WHAT TO PRODUCE -> Give back exactly the lines starting at the one with "Vuelven las Veladas" and ending at the last line of the data below. Pictures are not part of the copy.

SOURCE DATA ->

________________________________________

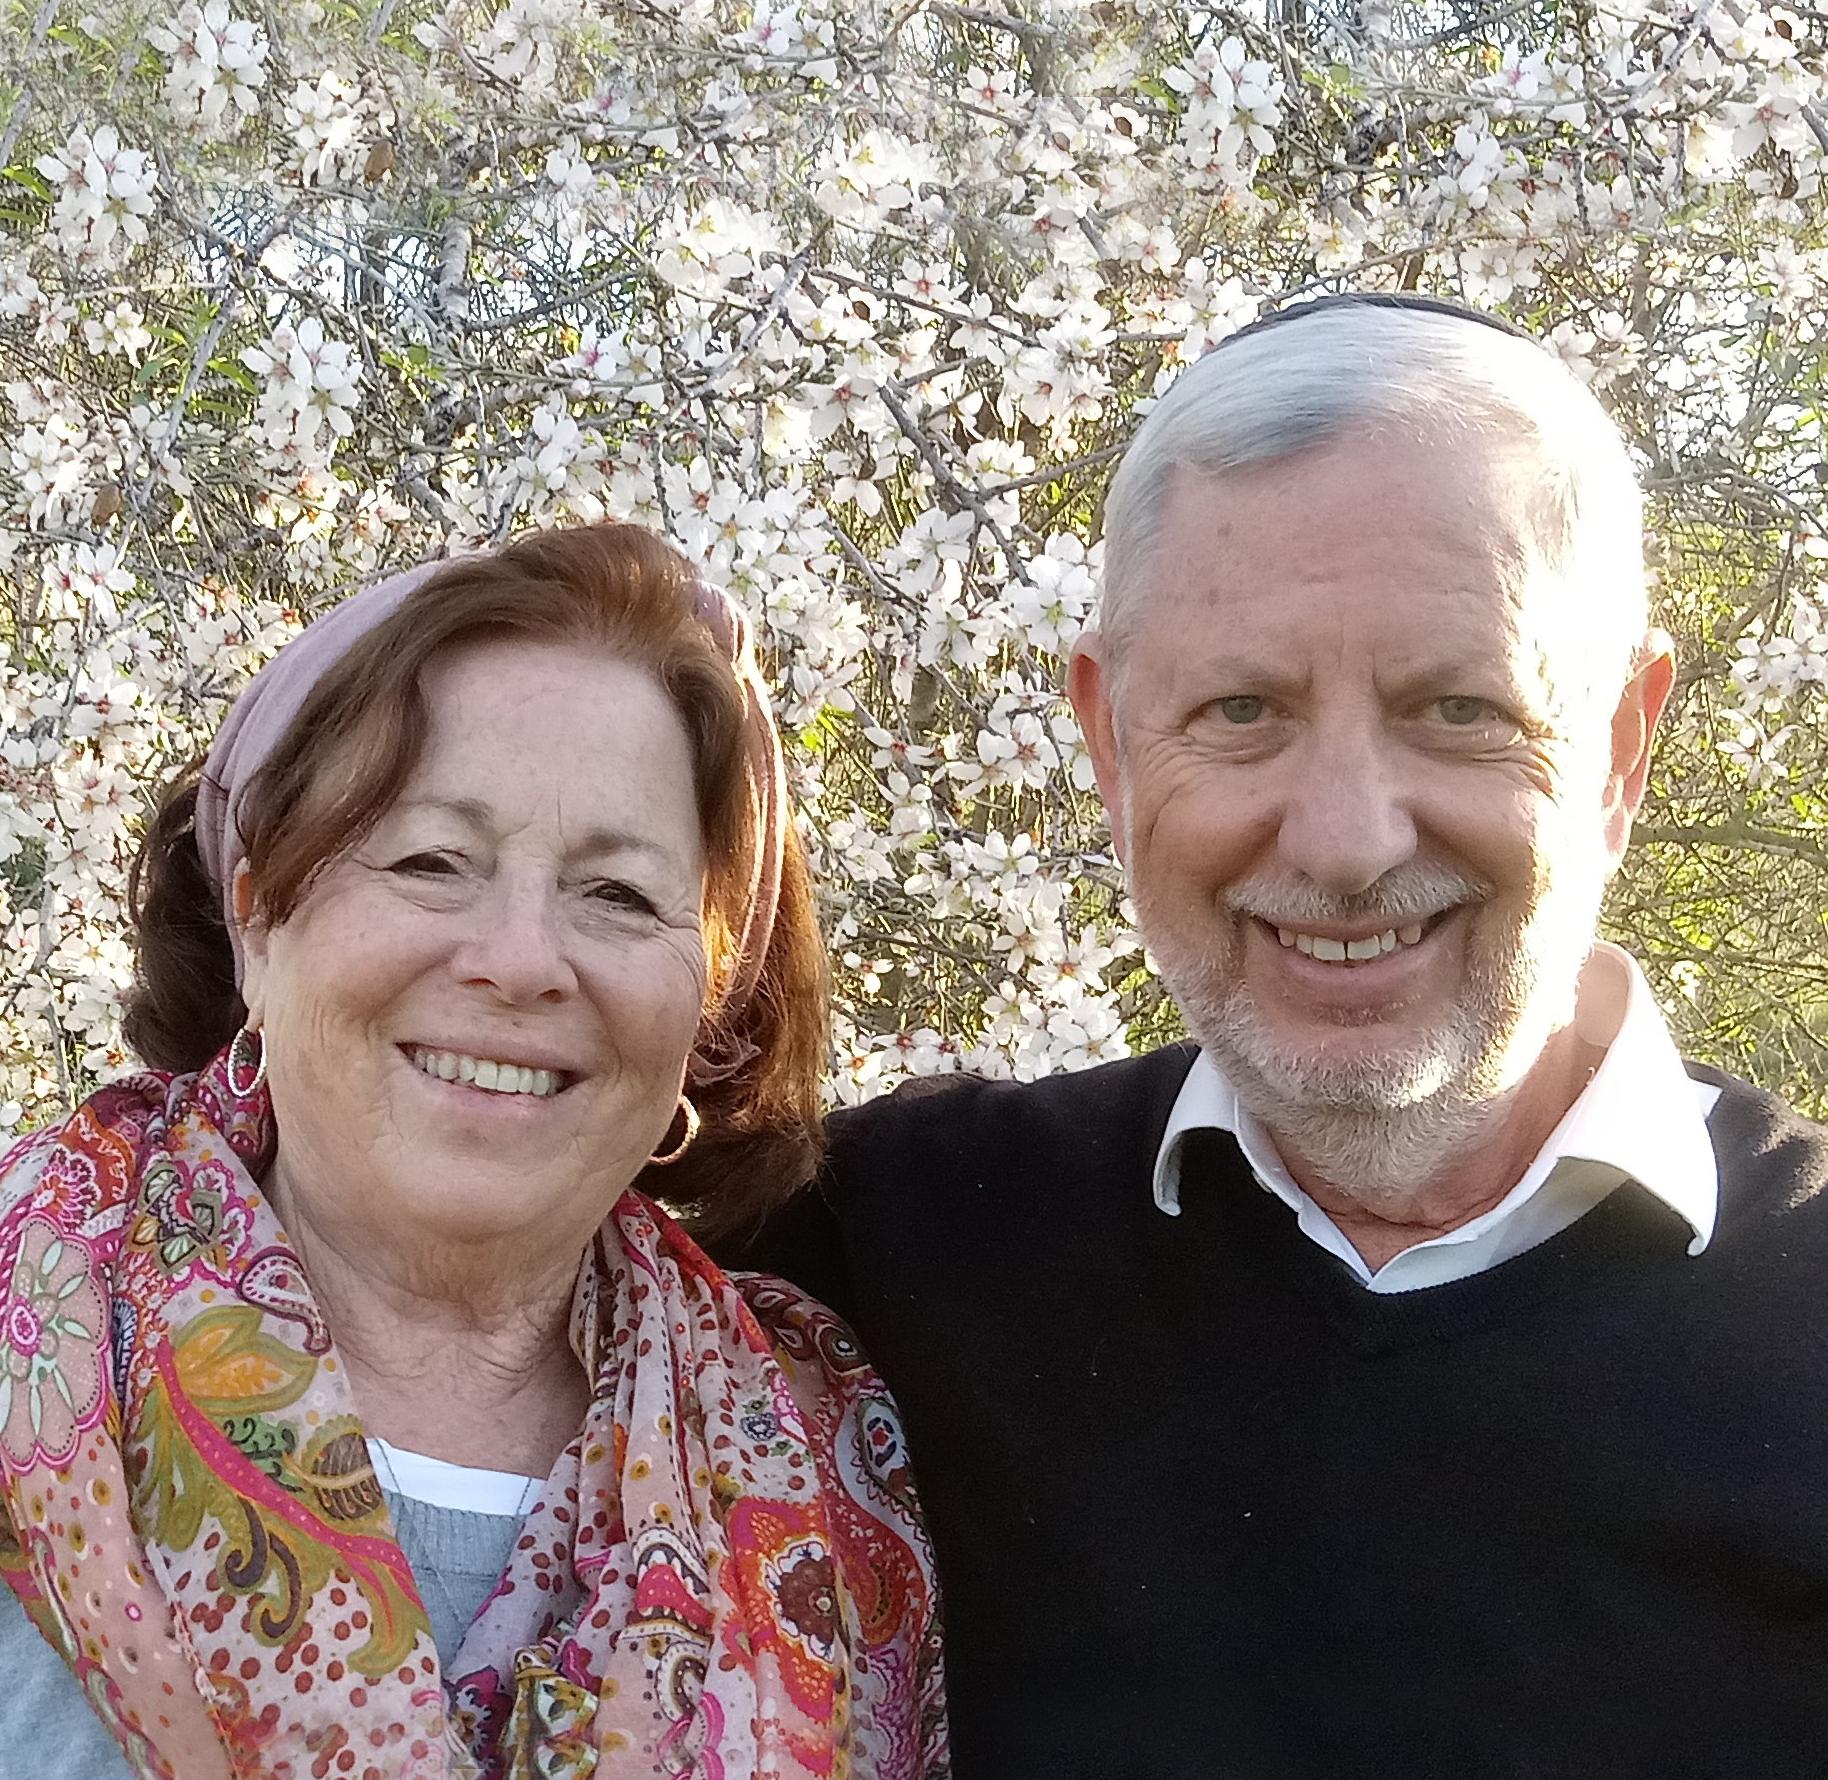 Elyse and Rabbi Reuven Kruger
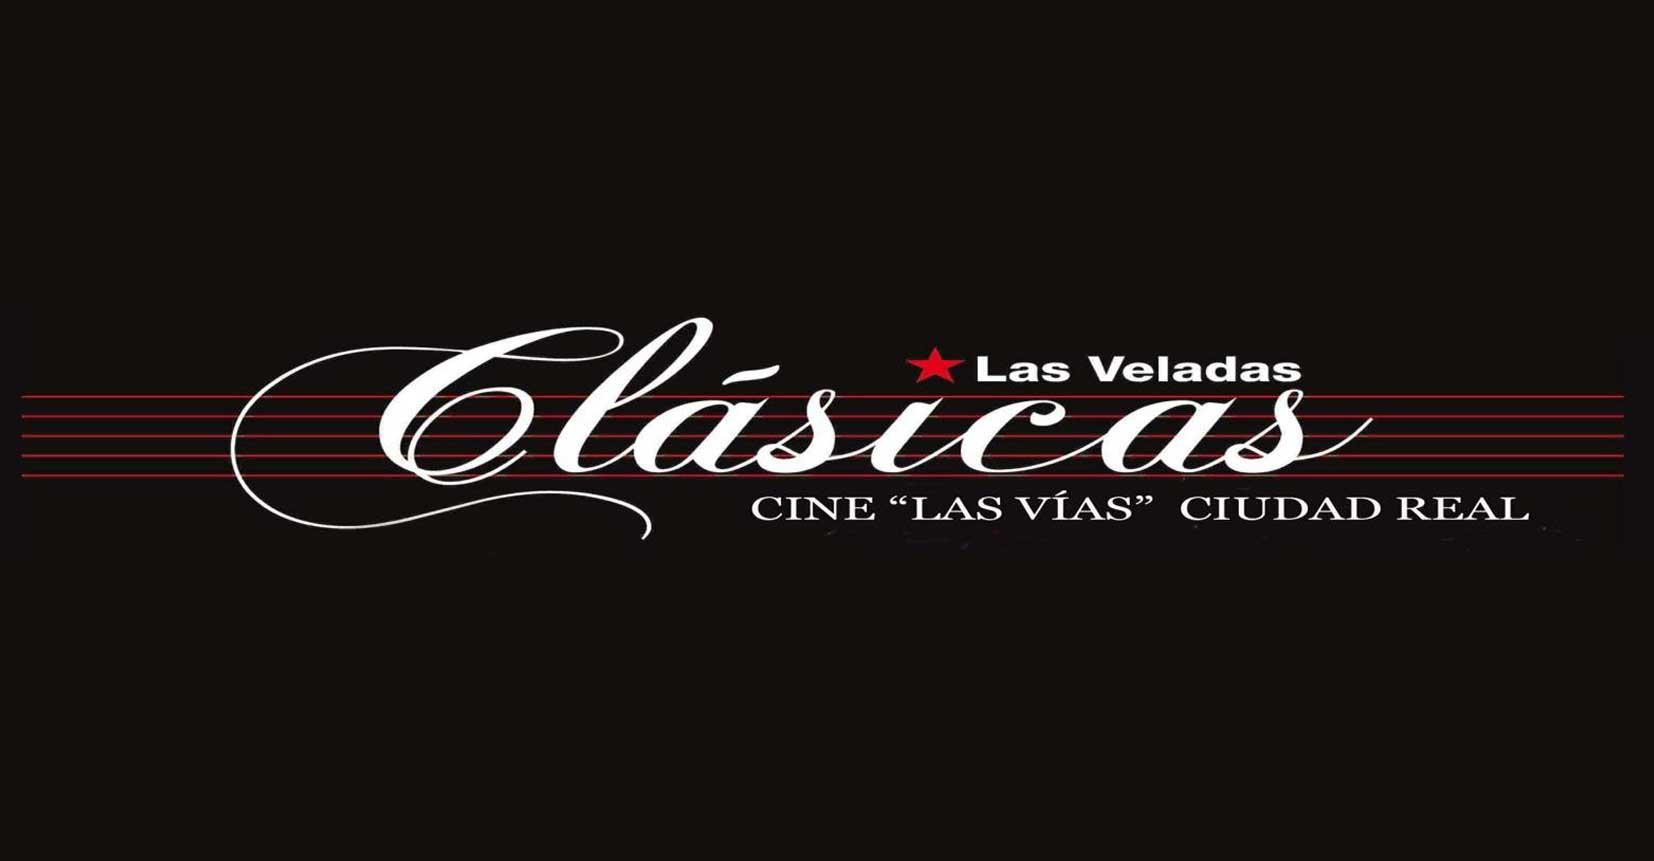 Vuelven las Veladas clásicas a los Cines Las Vías de Ciudad Real
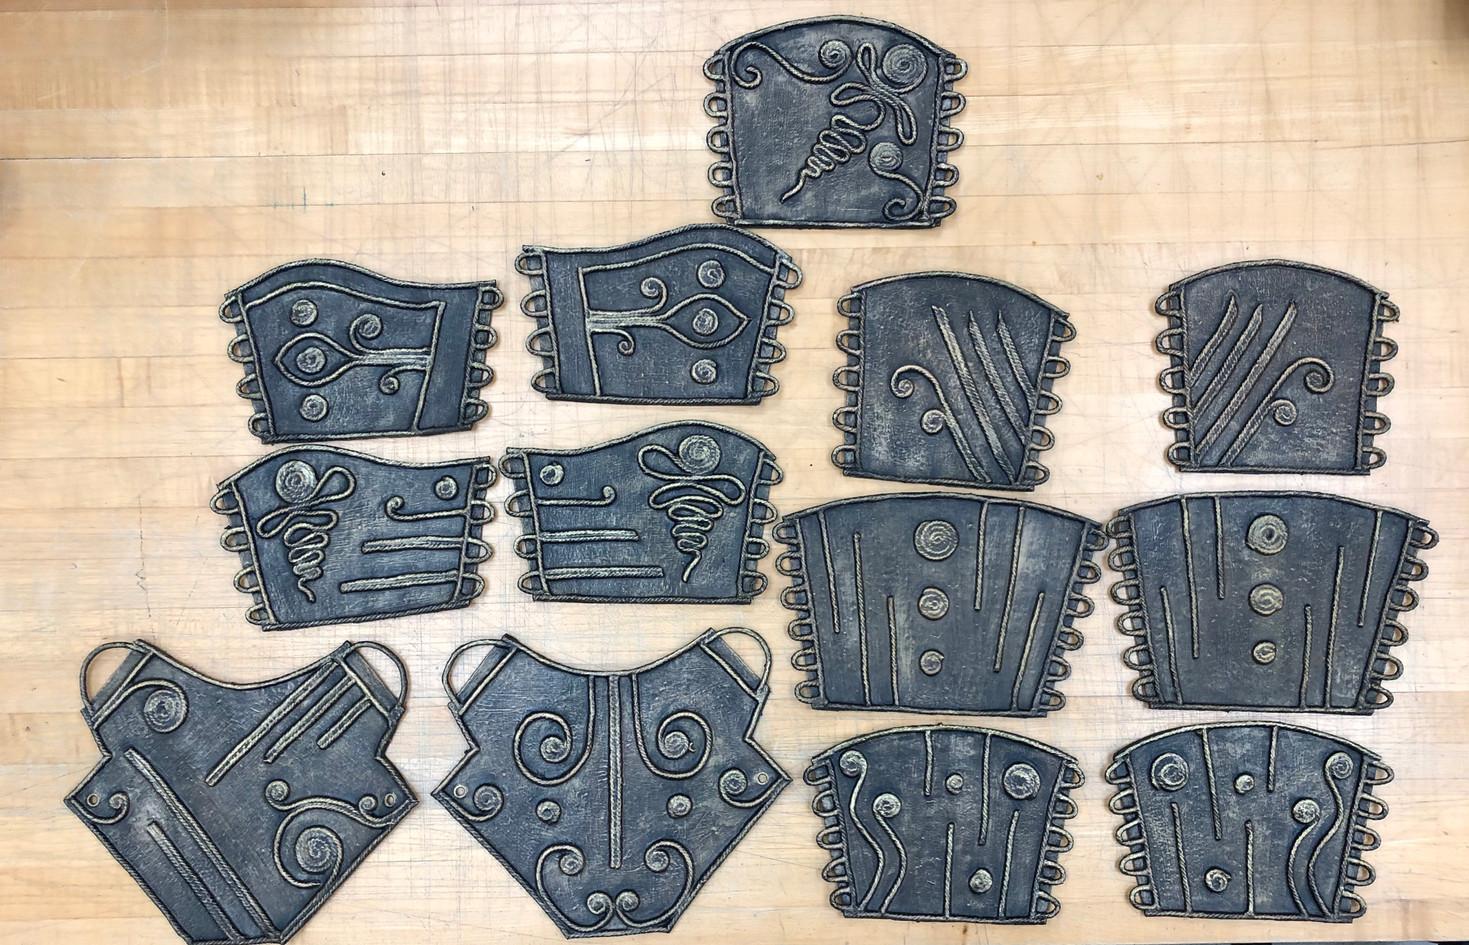 Full Armor Set

________________________________________

RESPONSE FOR THIS EXERCISE ->
 Vuelven las Veladas clásicas a los Cines Las Vías de Ciudad Real
 Full Armor Set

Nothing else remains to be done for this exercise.